**INPUT DATA**
——————

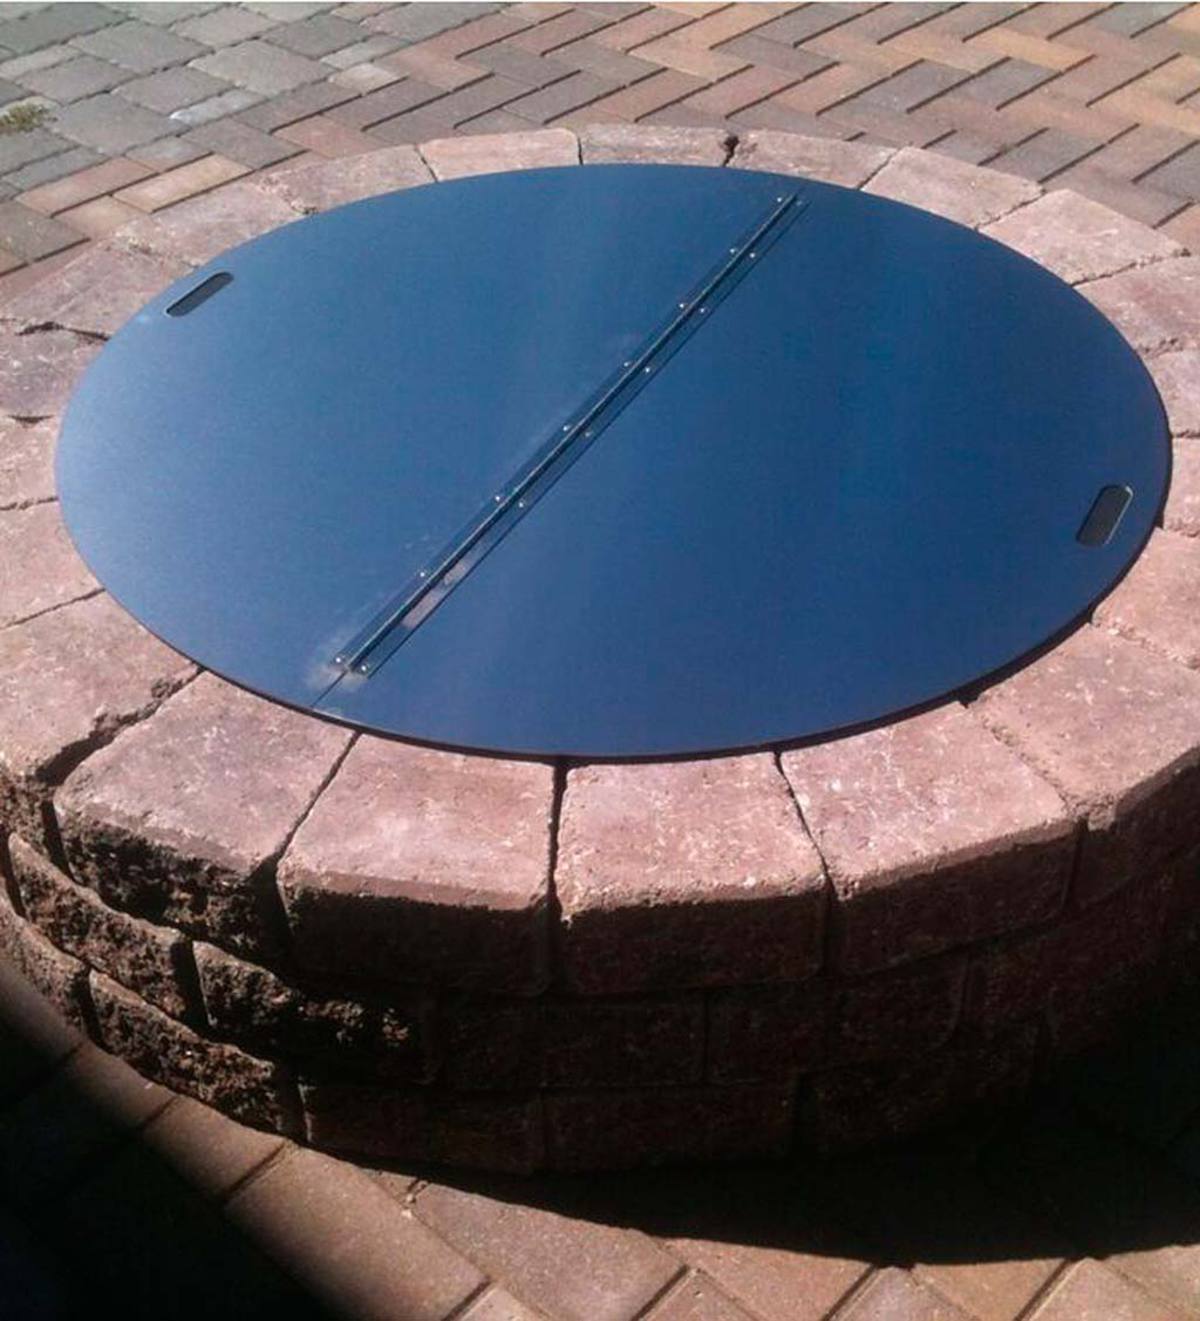 Stainless Steel Round Fire Pit Cover, Fire Pit Cover Round Metal
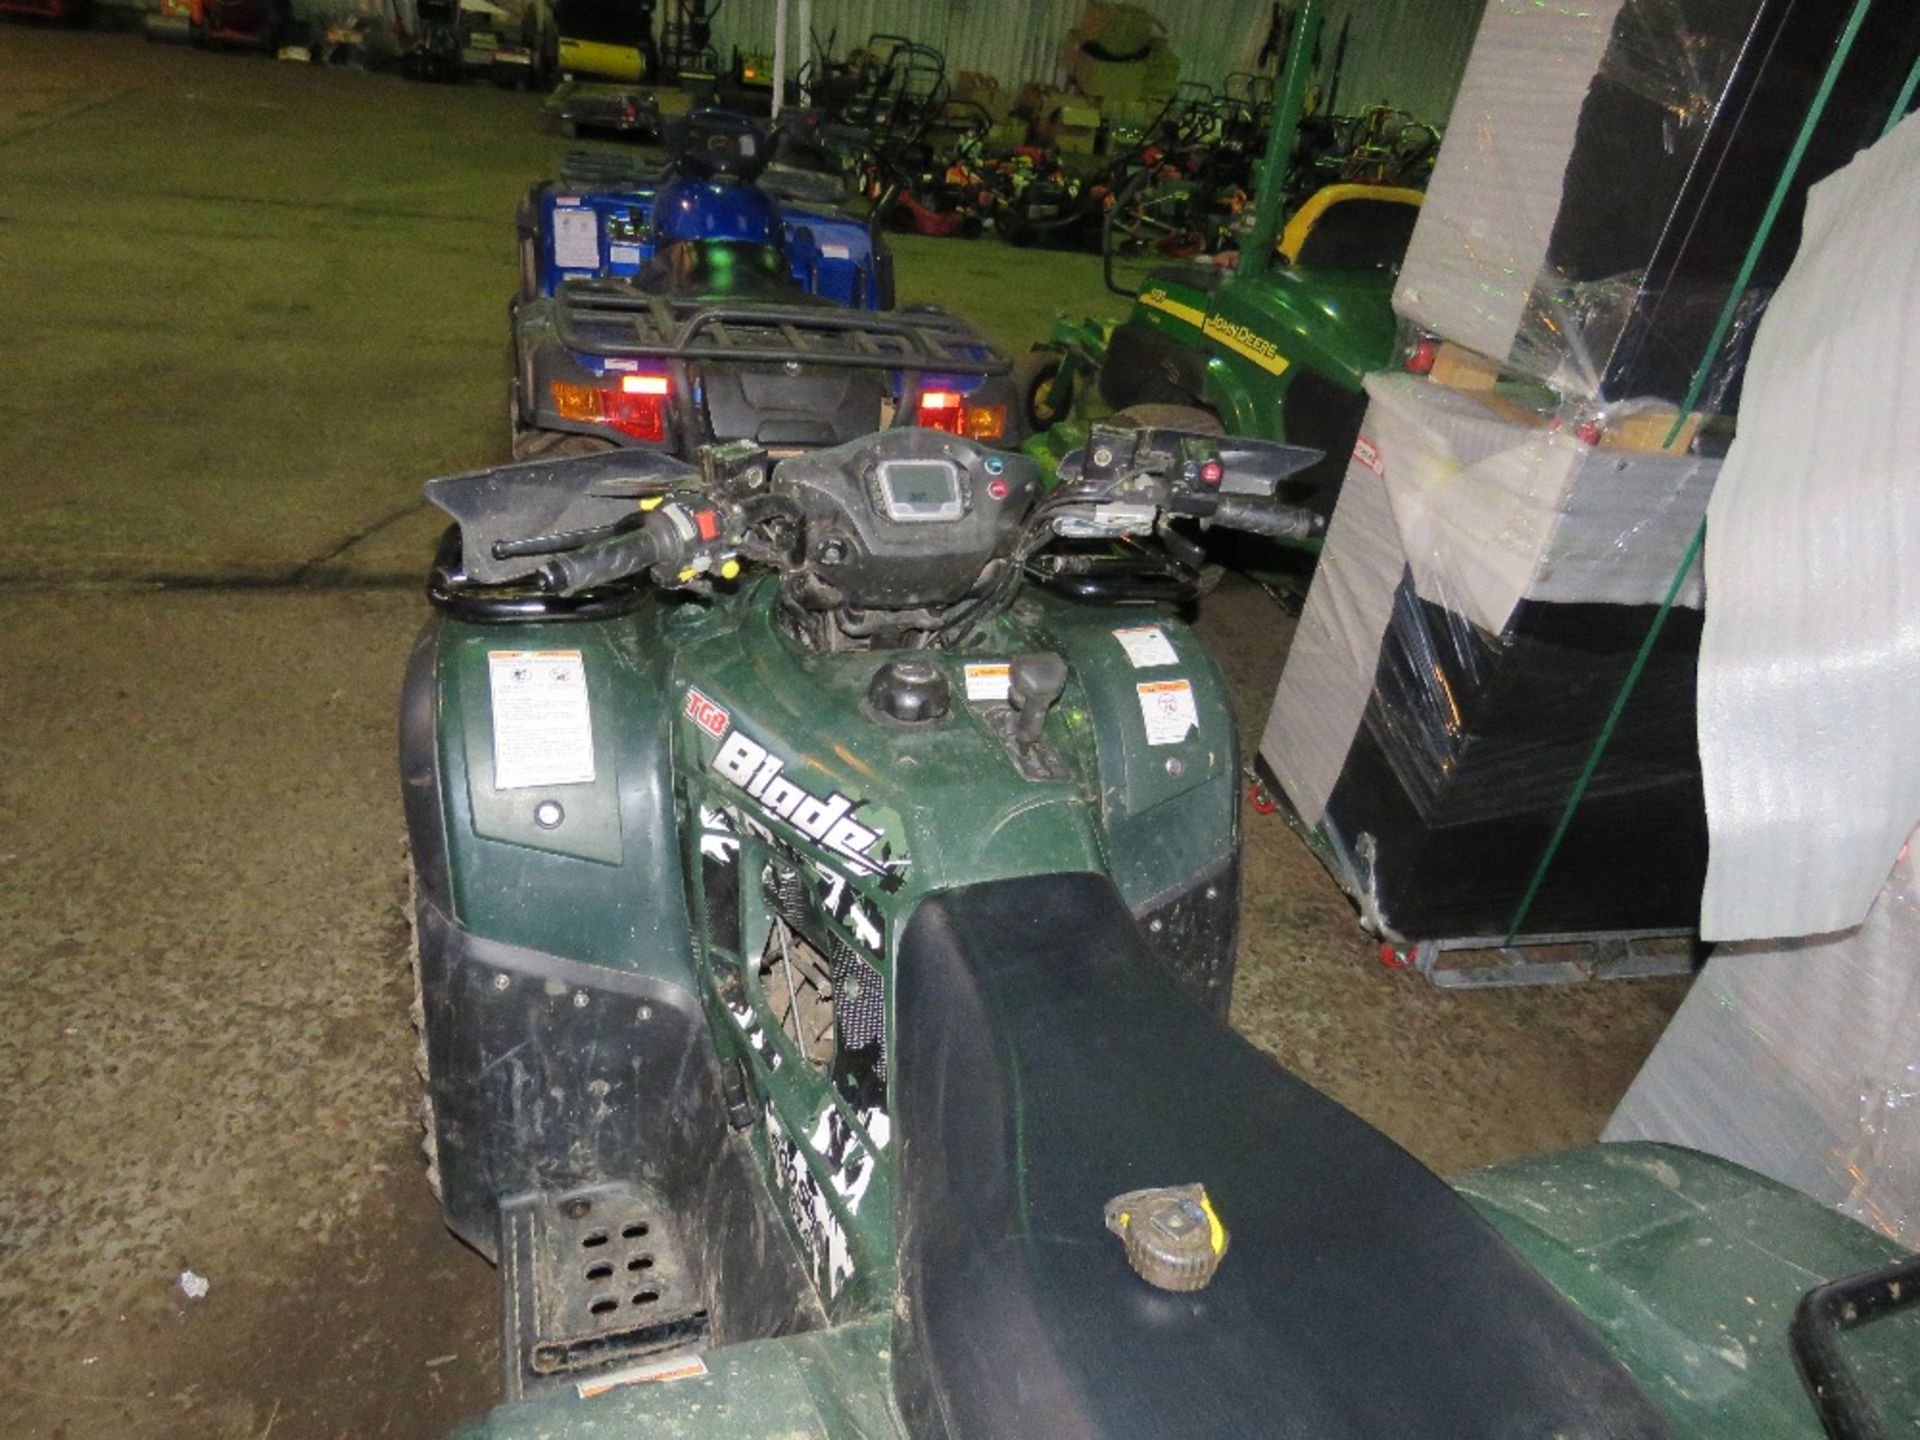 TGB/QUADZILLA BLADE 500SL SELECTABLE 4WD QUAD BIKE, YEAR 2015 APPROX, 970 REC MILES APPROX. WHEN TES - Image 5 of 7
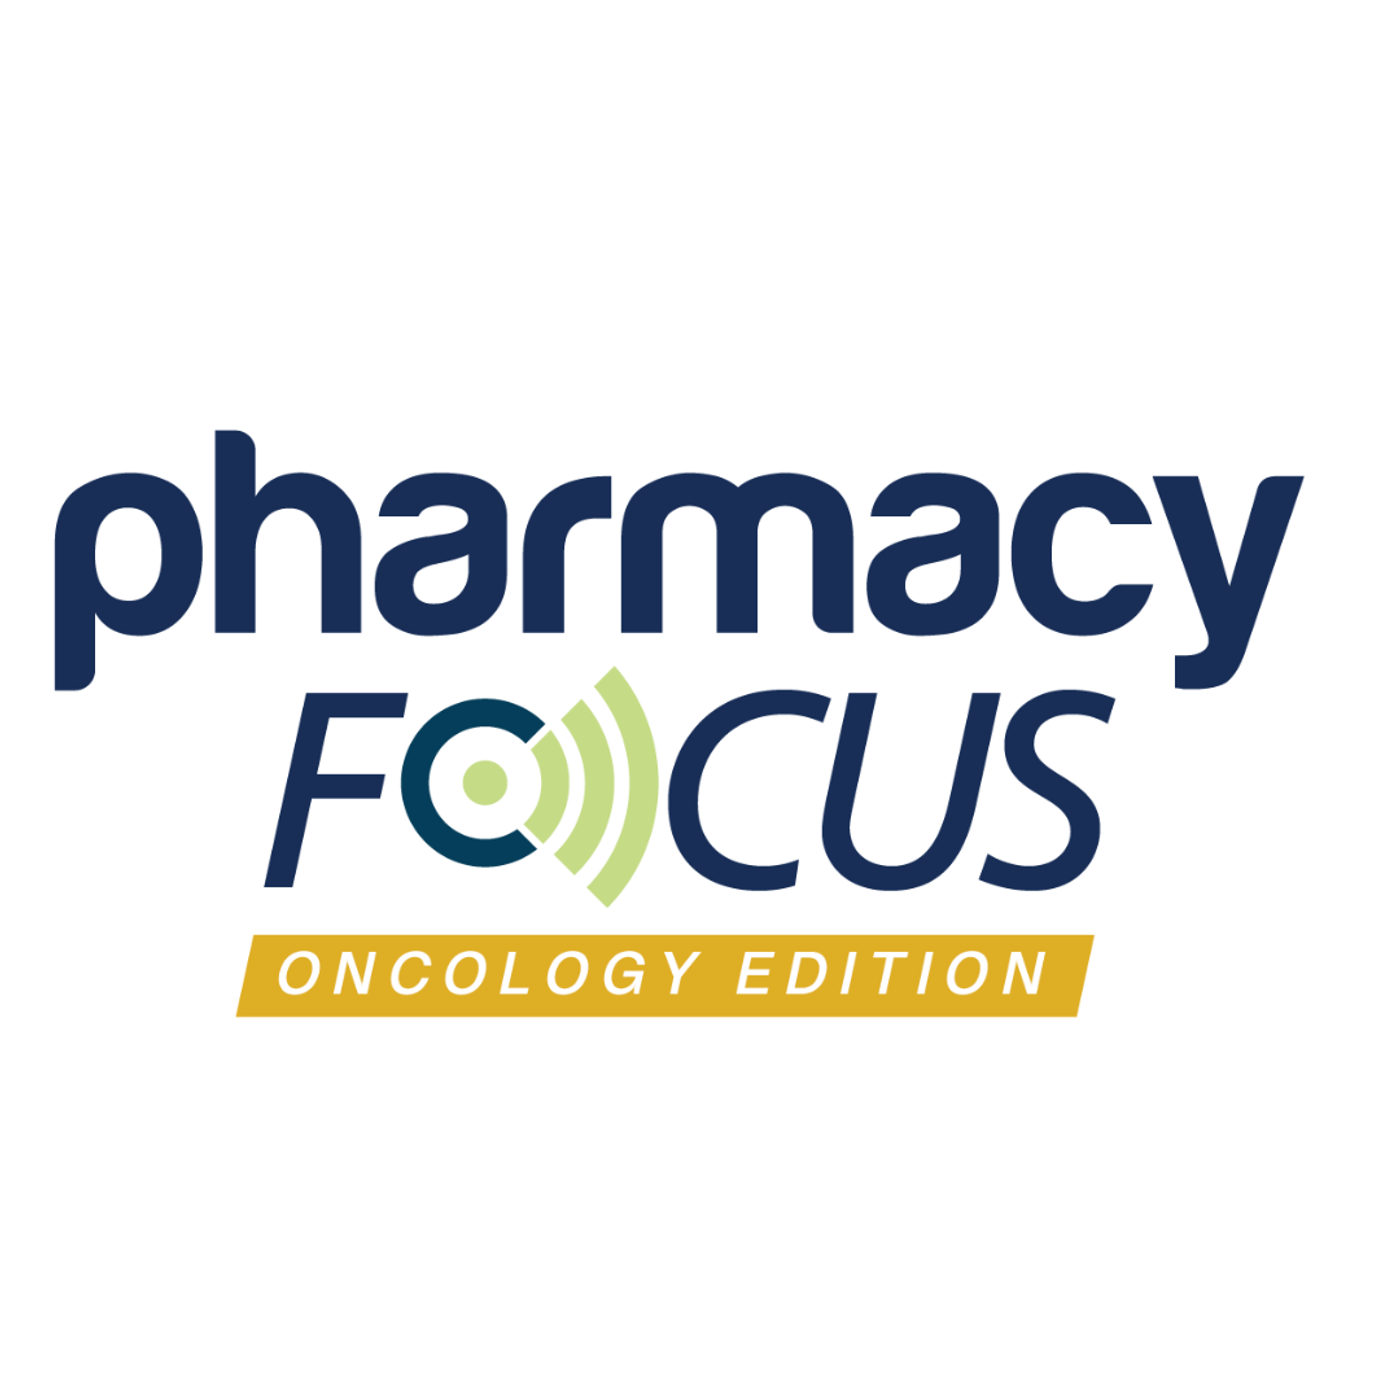 S2 Ep17: Pharmacy Focus: Oncology Edition- Integrating Oncology Pharmacists into Multidisciplinary Care Teams for Improved Patient Outcomes

——————

**WHAT IS EXPECTED**
Transcribe exactly the line containing "TGB/QUADZILLA BLADE 500SL" and every line after it through the end of the listing above; pictures are not part of the copy.

**EXERCISE OUTPUT**
 TGB/QUADZILLA BLADE 500SL SELECTABLE 4WD QUAD BIKE, YEAR 2015 APPROX, 970 REC MILES APPROX. WHEN TES - Image 5 of 7
 S2 Ep17: Pharmacy Focus: Oncology Edition- Integrating Oncology Pharmacists into Multidisciplinary Care Teams for Improved Patient Outcomes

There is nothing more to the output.